Agreed on Nasser. At that time as well when English cricket was on the mat, we had 5 days of crushing a terrific Australia and it was magnificent. It still felt like we were going to revert to type immediately after and we did. Every dog has his day, and all that.

Quote- Other than Cook's 294, I remember thinking that Stoke's 258 against South Africa was the biggest missed opportunity for a triple. He was in the zone that day.

He was also being suicidally off the wall attacking. Stick Cricket bezerker. He holds the all time record for test runs in a single session for 1 batsman (130ish). In the end it was a draw, which takes the shine off the result as it was such an unfair pitch for bowlers. But to counter that... Most runs in a session ever. And that isn't even his best innings.

I still rate some of Cook's big innings similar though as the match situation and pitch made the task equally important to bat long and his endurance was as impressive as Stokes fireworks if notnas spectacular. Both grimly committed and absolutely refusing to let anyone wrestle their grip from the game. Love it! Love it!!

Chedney Honks

I remember watching Gooch's 333 in some village near Colchester. That was all the evidence I needed that England was the best country in the world and I've never really looked back.

sevendaughters

Gooch's 333 was the first game I watched. Thought it would all be like that!

mikeyg27

Quote from: mikeyg27 on August 10, 2021, 05:28:24 PM
- Three English double-hundreds in the entire 1990s, which sounds about right

To put this (my favourite stat from this bored deep-dive in StatsGuru) into context, we're one away from equalling this in the 2020s.

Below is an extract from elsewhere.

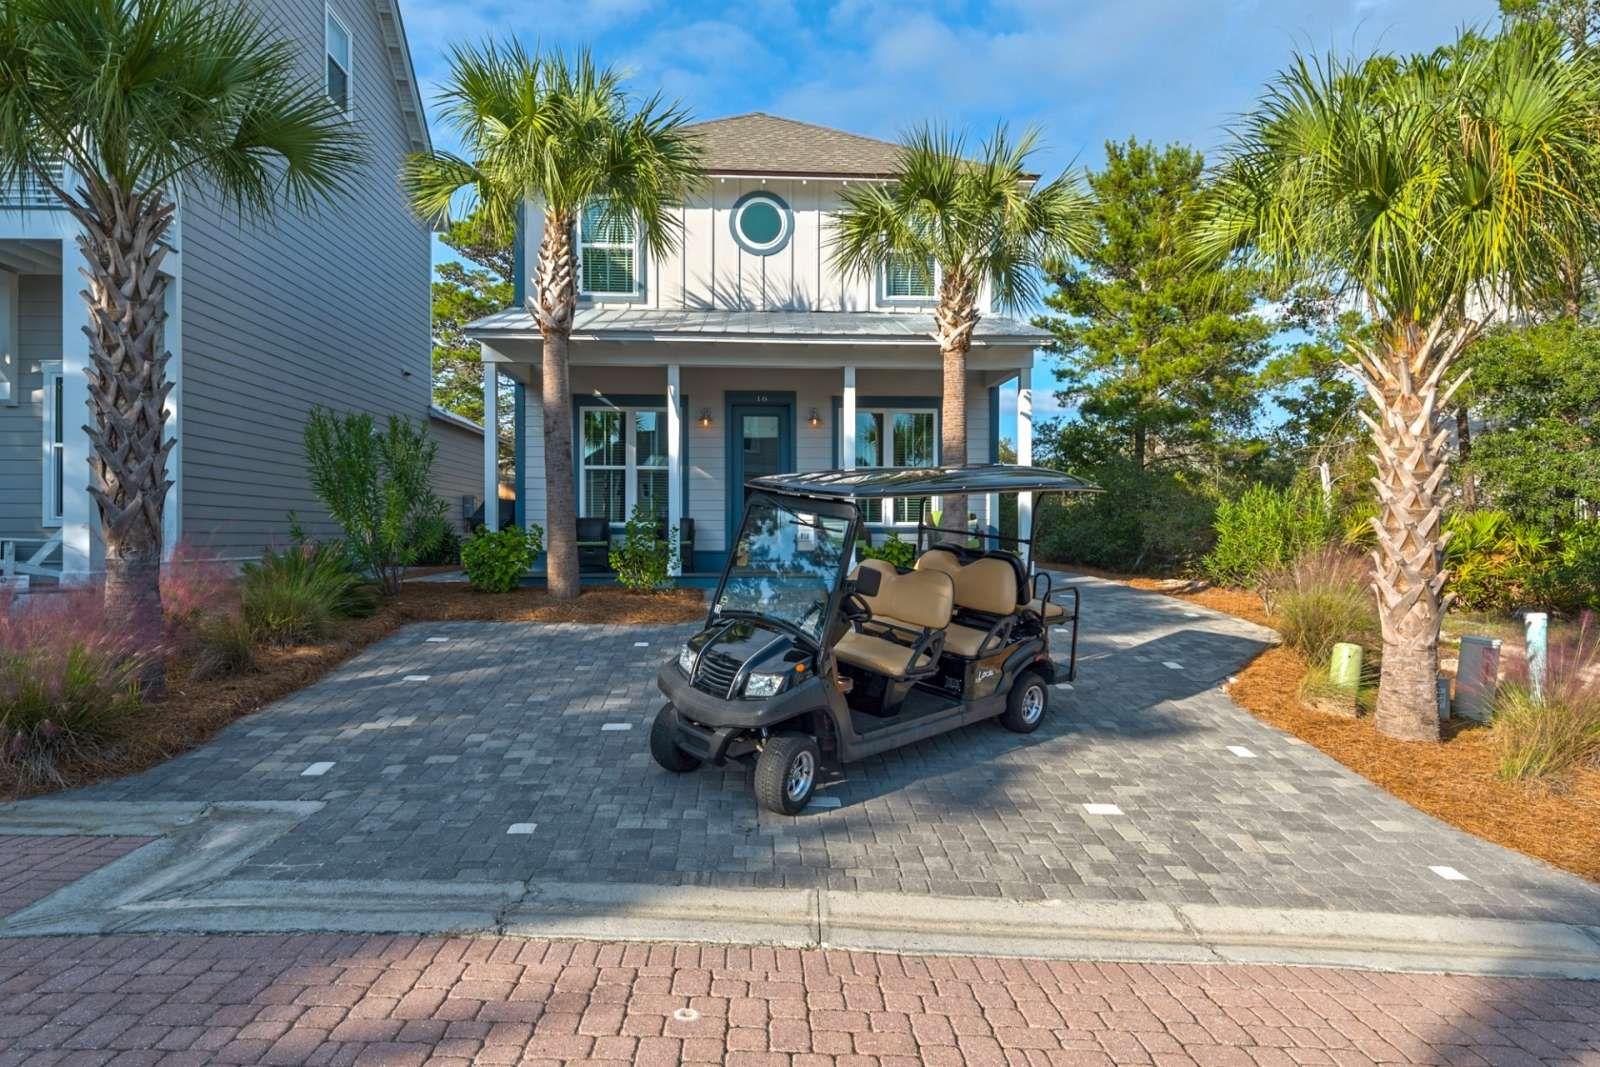 19+ Blue mountain beach florida golf cart rentals ideas in 2021
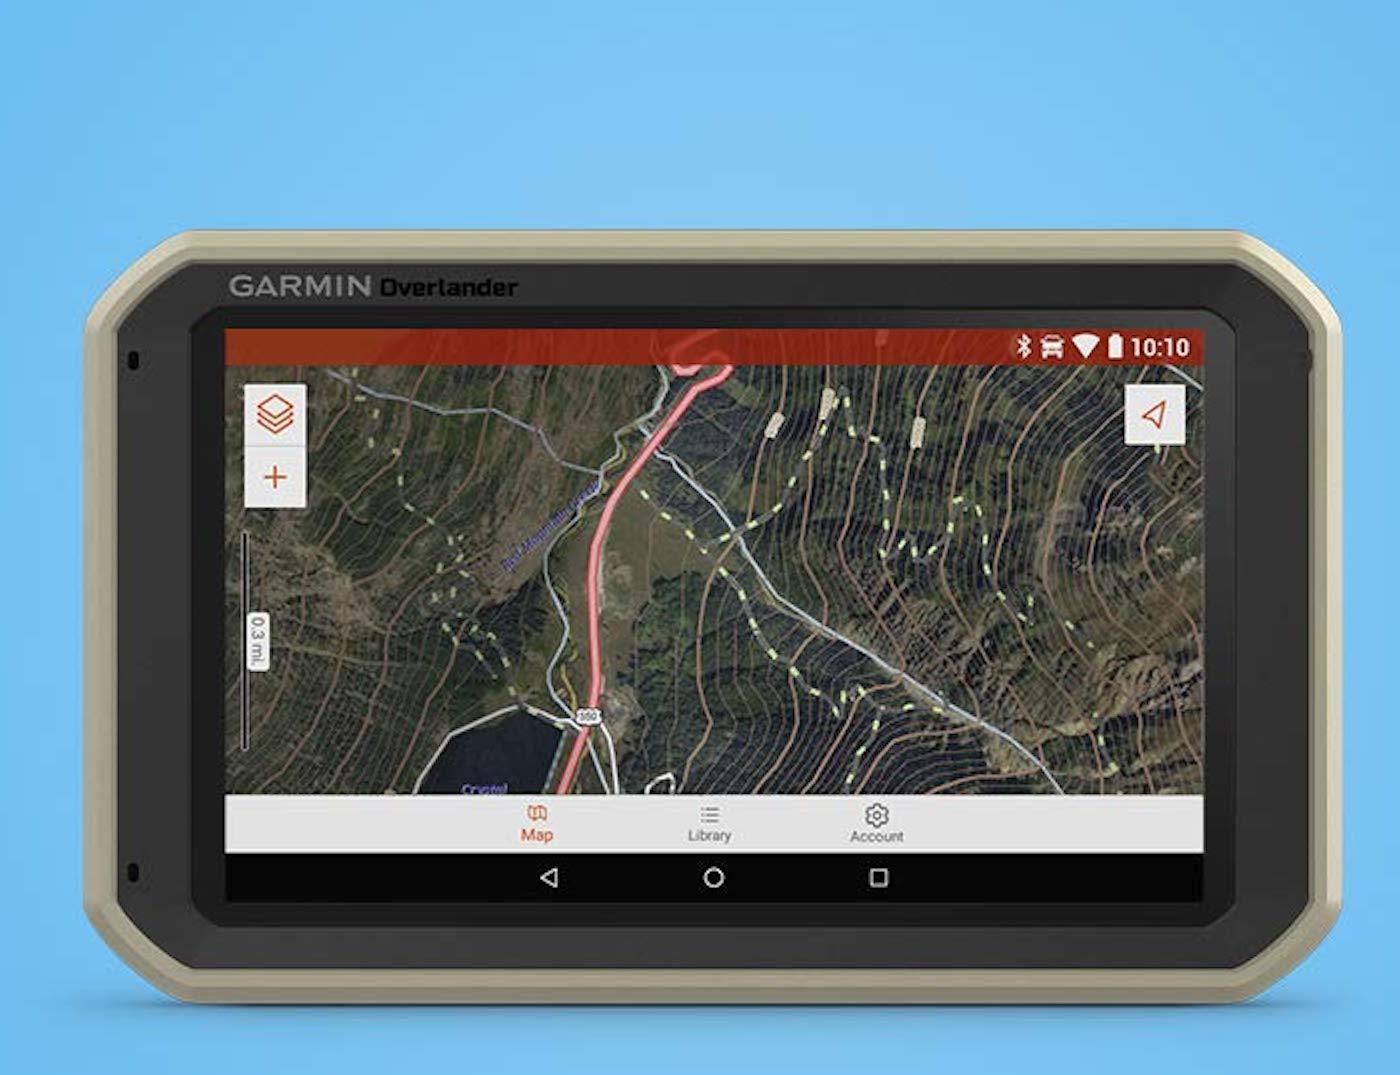 Garmin Overlander Off Road GPS

Also, looking at that list of scores again, if we give Crawley some leeway then Rob Key very much sticks out as the outlier. Collingwood, Ian Bell, I can understand how they'd sneak in a double (that Collingwood one was in one of the most abject capitulations of all time if I remember correctly). That's Key's only century.

Shoulders?-Stomach!

Sounds too try hard but Gooch's trip was one of the earliest cricket games I remember and the fact he only seemed to get better and better at batting made me sad when he went. Then he even got rid of his moustache the anus.